Imagine what is like for a parent really struggling to get help for their child to be told the child’s difficulties are ‘on your head’, caused by ‘trauma’ and by a social worker to boot and yet many social workers believe this is their call.

What is the Social Workers role?

It may or may not be true that there is widespread mis-diagnosis of ADHD, ASD, Attachment and anxiety and similar disorders but it takes another clinician to make this call for an individual child and to generalise you need evidence of widespread mis-diagnosis via randomised clinical studies or equivalent.

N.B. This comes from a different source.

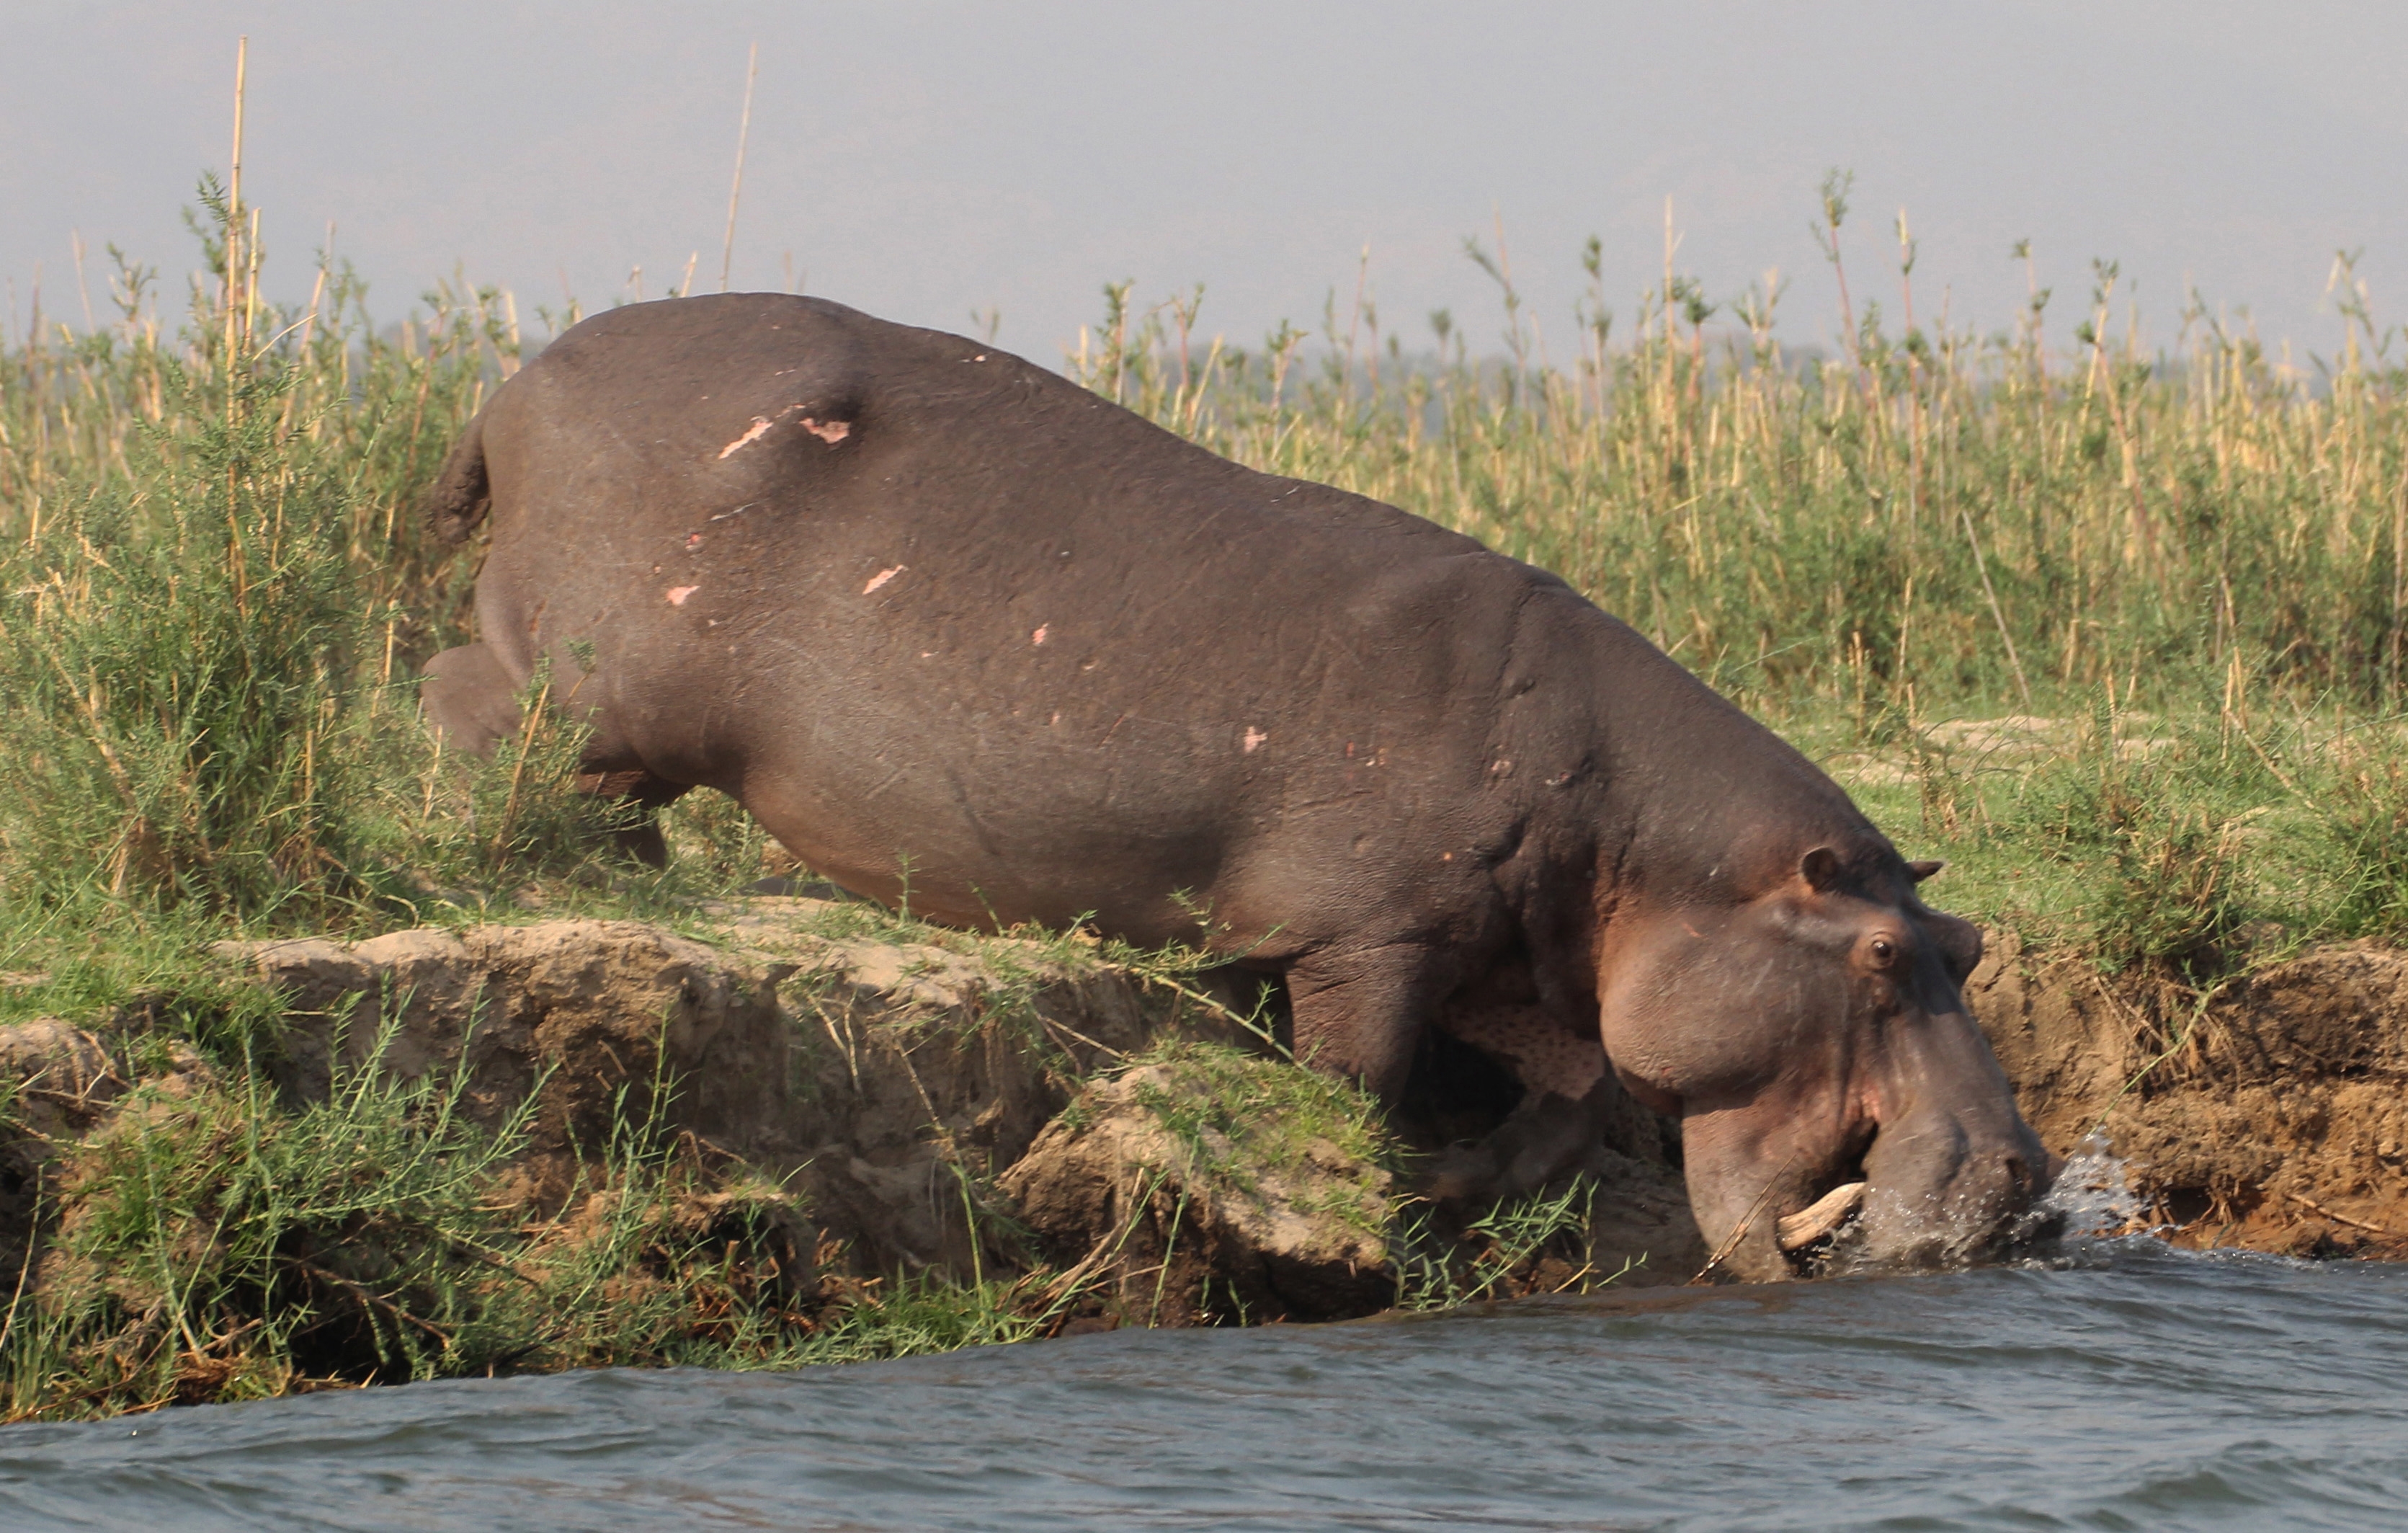 Hippo walking into the water for taking a bath at lower Zambesi River

I believe when trying to help a young person with profound emotional, behavioural difficulties social workers should be alert, question, look for guidance from clinical colleagues, raise concerns where you have them, provide personalised support to the best of your ability, fight for their clients rights for good support including good clinical support but you should always stick to your area of competency. The ability to make clinical diagnoses as a result of trauma just does not fall within it.